Selain itu, ia mengingatkan saat ini para pelaku UKM dan UMKM sangat terpukul dengan membanjirnya sejumlah komoditas maupun barang-barang impor. Mulai dari impor gula, bawang putih, garam hingga baju batik. Para perajin batik kita di Pekalongan, Jogja-Solo, Madura dan Kalimantan kalah bersaing dengan harga murah batik yang djual di Tanah Abang misalnya.
"Sudah saatnya lah kita stop atau kurangi rezim impor, kalau para UKM dan UMKM kita mampu memproduksinya. Presiden saya dengar kan sudah memberi arahan terkait pengurangan impor ini. Artinya, jangan sampai kita hanya menjadi pasar terus-menerus atas barang dari negara lain," tandas Marwan mantan Menteri Desa-PDTT.
Dia mengungkapkan pula persoalan nyata yang masih sangat sulit, rumit dan mbuletnya para pelaku UMKM begitu mereka mengurus permodalan kerja ke perbankan.
Saat reses pekan lalu turun ke dapil, ia masih menemukan betapa para UMKM tetap harus diminta syarat ini-itu yang tidak gampang buat mengakses modal.
Sedangkan terkait pengundangan UU Cipta Kerja yang antara lain akan mengundang investasi ke kawasan industri baru di Batang, Subang dan Brebes, Marwan mengingatkan agar kalangan UKM dan UMKM juga bisa ikut ambil bagian.
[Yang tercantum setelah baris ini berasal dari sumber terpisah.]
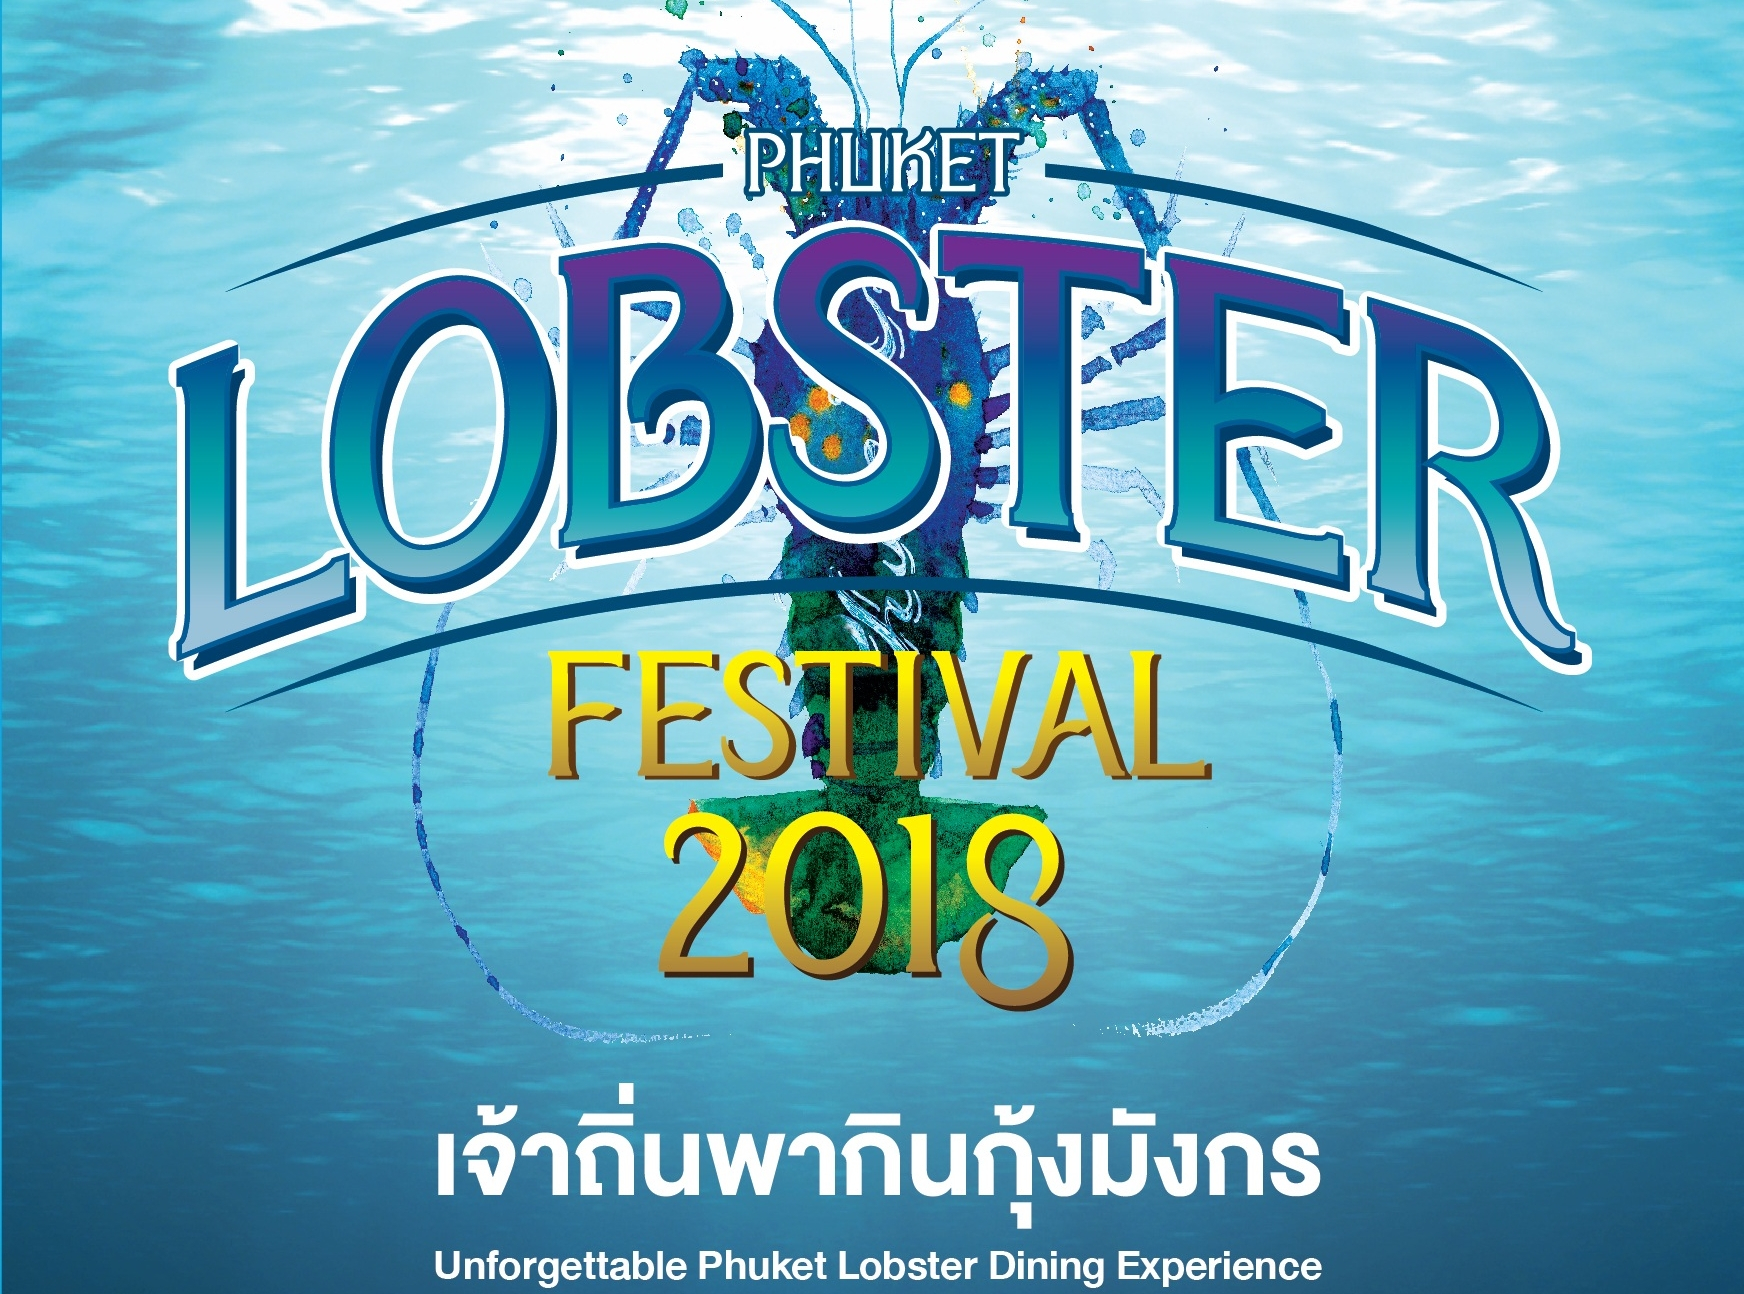 บริษัท ประชารัฐรักสามัคคีภูเก็ตฯ จัดงาน Phuket Lobster Festival 2018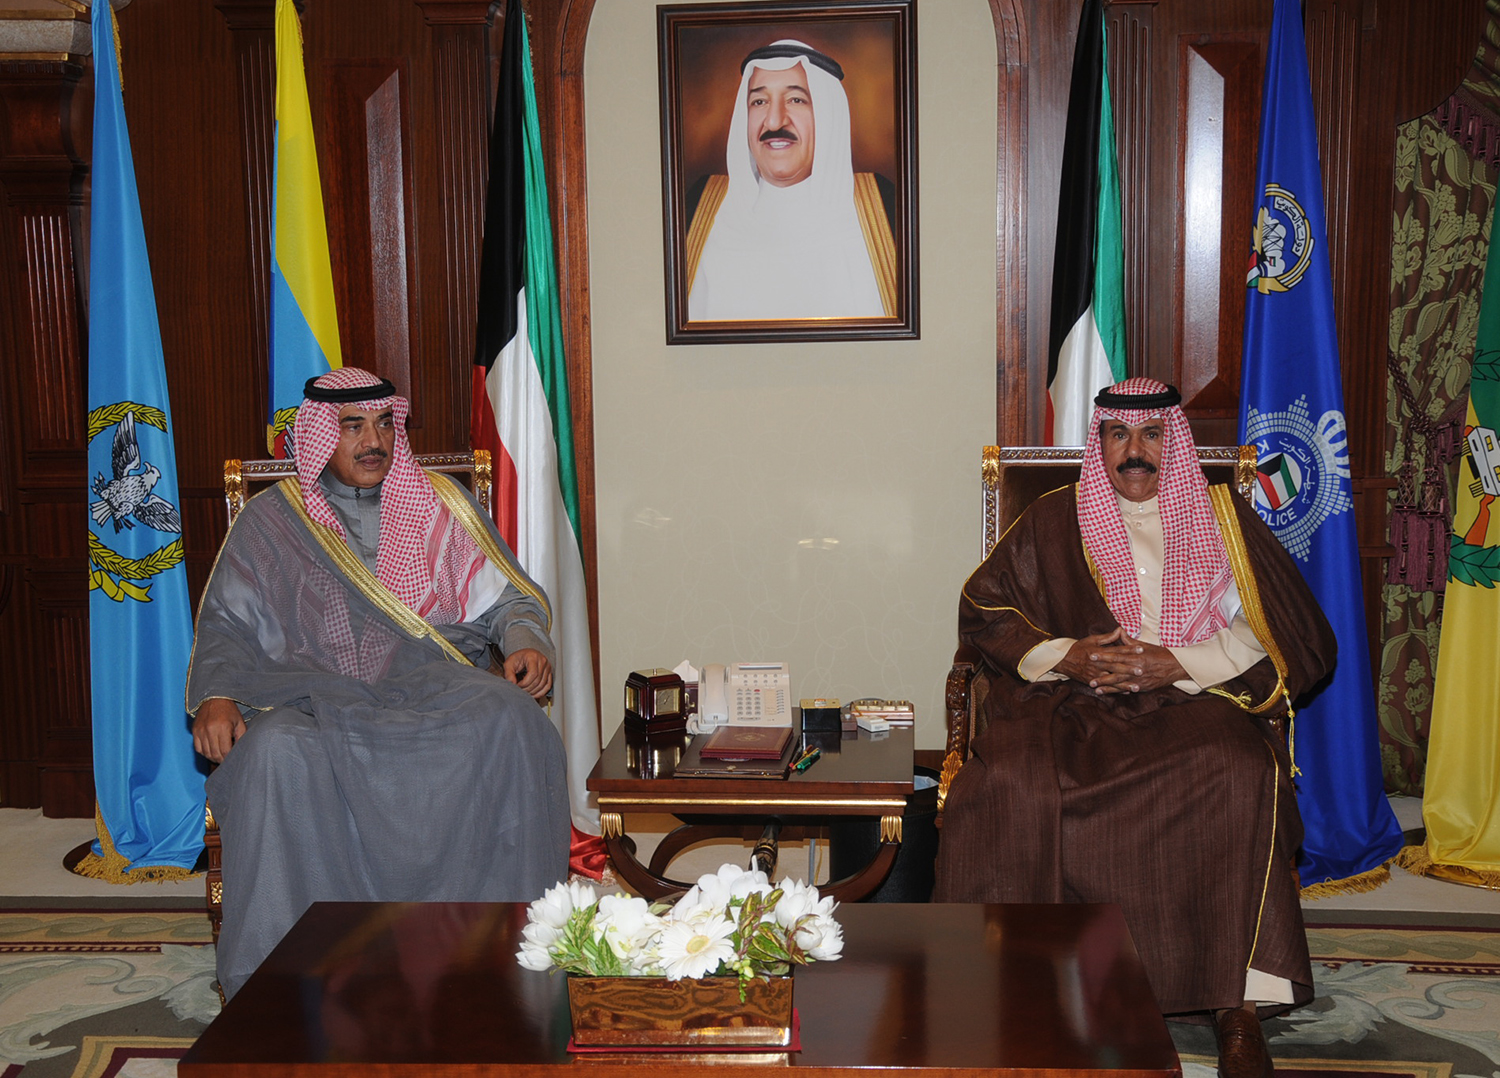 His Highness the Crown Prince Sheikh Nawaf Al-Ahmad Al-Jaber Al-Sabah receives First Deputy Prime Minister and Foreign Minister Sheikh Sabah Khaled Al-Hamad Al-Sabah

"Khususnya dalam konteks membangun industri mandiri yang tentu mesti melibatkan dan dimulai dari UMKM. Apalagi sudah satu atau dua dekade kita mengalami kondisi deindustrialisasi," tukasnya.
Sementara itu peneliti Indef Media Askar, menggarisbawahi sejumlah masalah yang membelit UMKM seperti dipaparkan Marwan Jafar.
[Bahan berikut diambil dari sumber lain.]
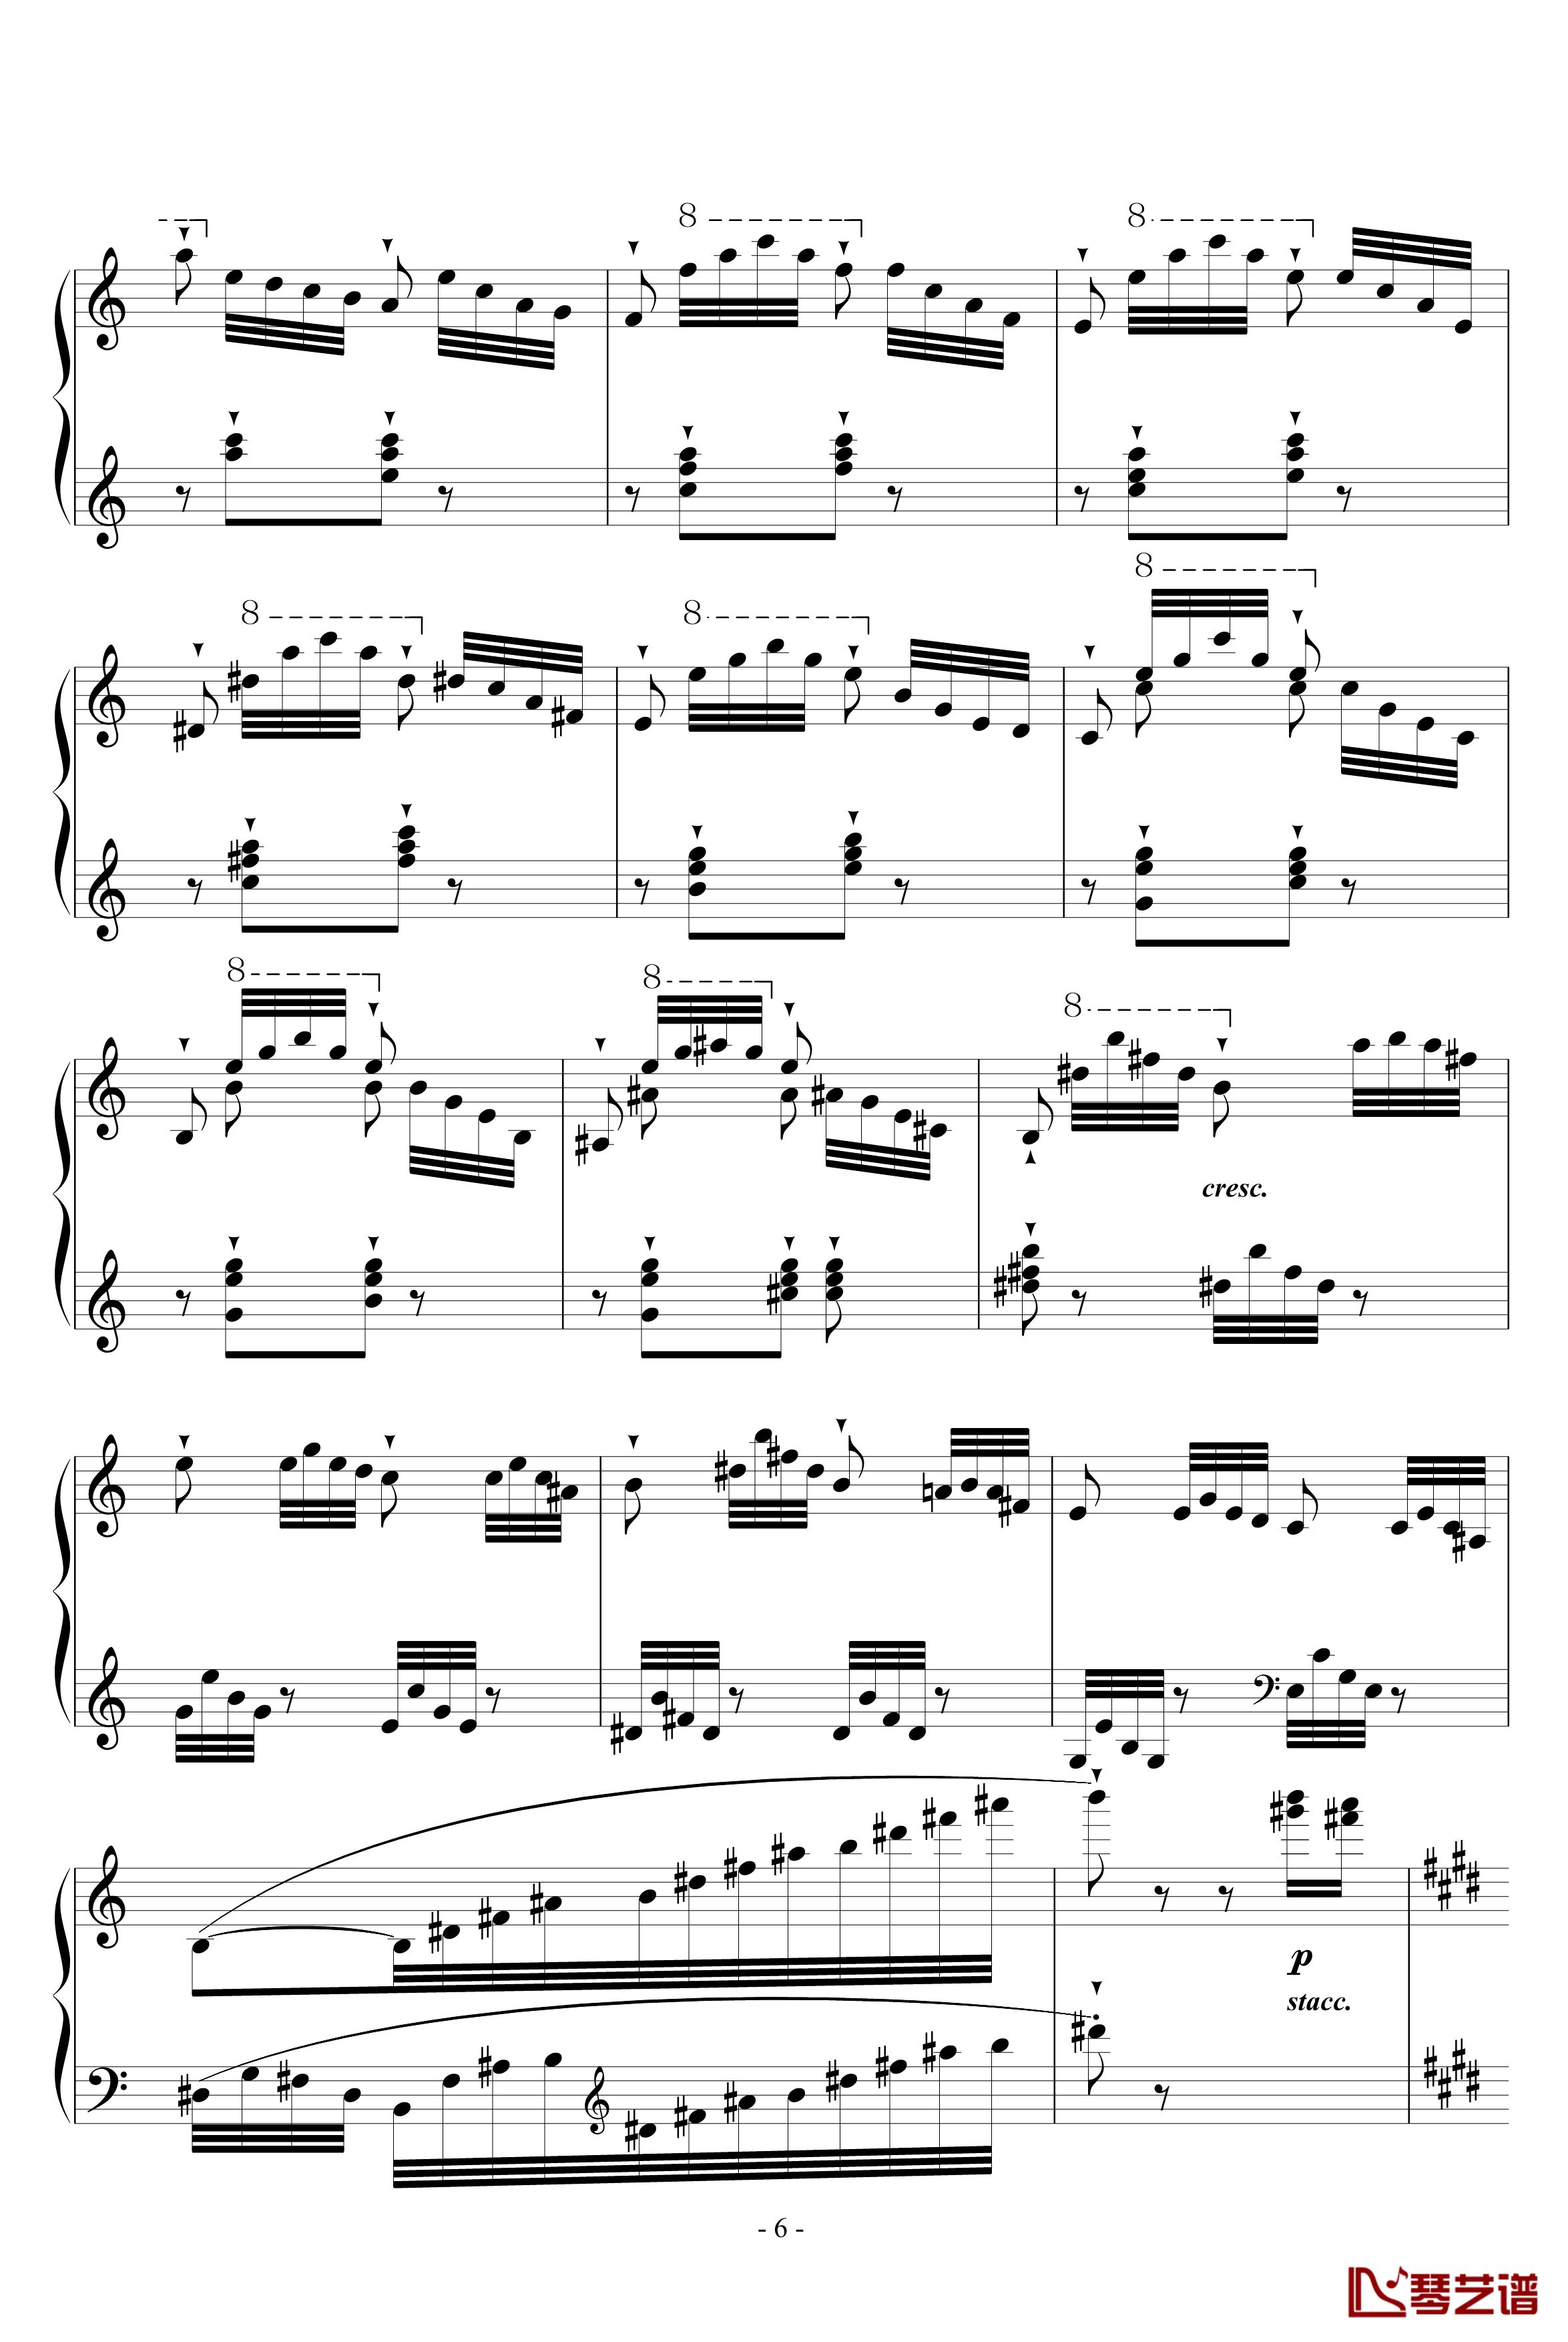 帕格尼尼练习曲5钢琴谱-李斯特6

Misalnya Askar menyatakan apa pun kebijakan yang diambil pemerintah bagi pelaku UMKM tidak banyak pilihannya kecuali dirugikan.
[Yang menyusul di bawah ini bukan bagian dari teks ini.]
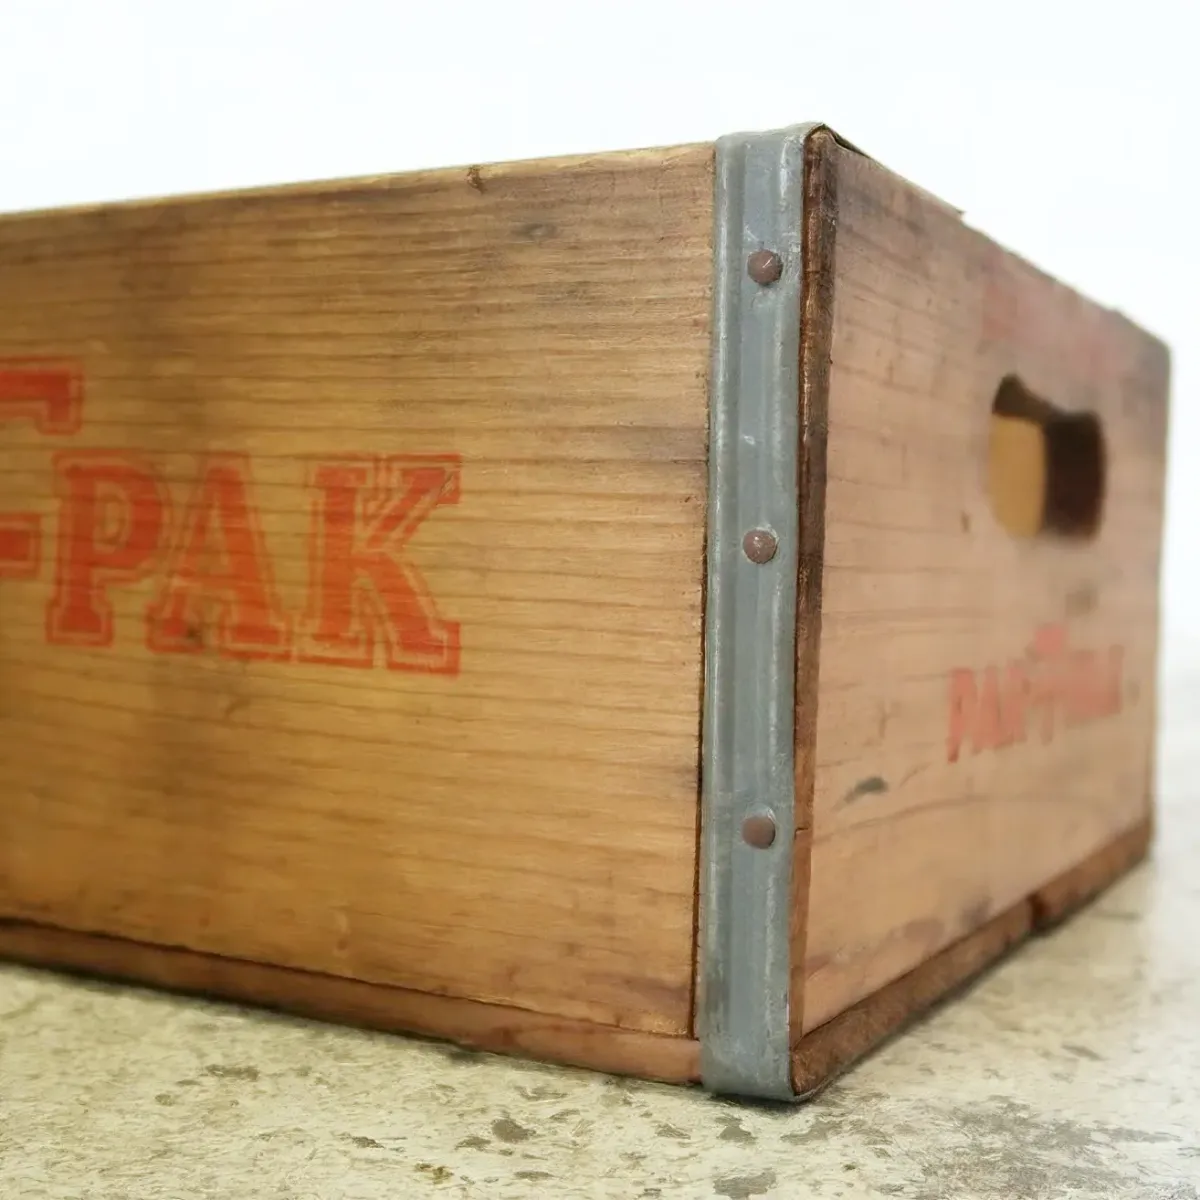 PAR-T-PAK ビンテージ ウッドボックス

Sebab, berbeda dengan usaha besar dan menengah yang tetap memiliki beberapa opsi mulai dari restrukturisasi usaha hingga pengurangan karyawan.
Peneliti Indef ini menyarankan buat jangka pendek ke depan, agar kalangan UMKM juga mampu melakukan manajemen resiko secara cerdas.
Sedangkan pihak pemerintah diimbau memperbaiki beberapa kebijakan mulai dari memutakhirkan data kategorisasi UMKM yang dikritisi Marwan hingga penerapan digitalisasi buat membantu pendanaan secara langsung ke para pelaku UMKM.
"Di kampung saya Sumatera Barat ini, kemarin saya lihat orang mengantri mendapat bantuan UMKM. Mereka ternyata bisa ikut antre meskipun sejatinya bukan pelaku UMKM karena mendapat rekomendasi dari kepala desa atau nagari yang seperti makelar saja," ungkapnya.
Menanggapi peneliti Indef tentang perbaikan kebijakan pemerintah, Marwan mengungkapkan pada setiap rapat kerja di Komisi VI dengan mitra kerja pemerintah, pihak DPR selalu menyetujui kebijakan maupun anggaran terkait memperkuat UMKM sepanjang akuntabel.
"Kuncinya adalah pangkas regulasi dan birokrasi yang berbelit, termasuk akses permodalan. Kita butuh para 'eksekutor' yang baik di lapangan dan pengawalan yang kuat buat membantu UMKM kita. Pemerintah pusat dan daerah mesti memperbaiki koordinasi dan menghilangkan ego sektoral. Semua stakeholder harus kompak Jangan lupa juga, bila pemerintah mampu menangani perekonomian di masa Pandemi ini dengan baik maka kalangan investor intenasional juga memberikan kepercayaan dan datang ke sini," pungkas Marwan pada diskusi tersebut. (rls)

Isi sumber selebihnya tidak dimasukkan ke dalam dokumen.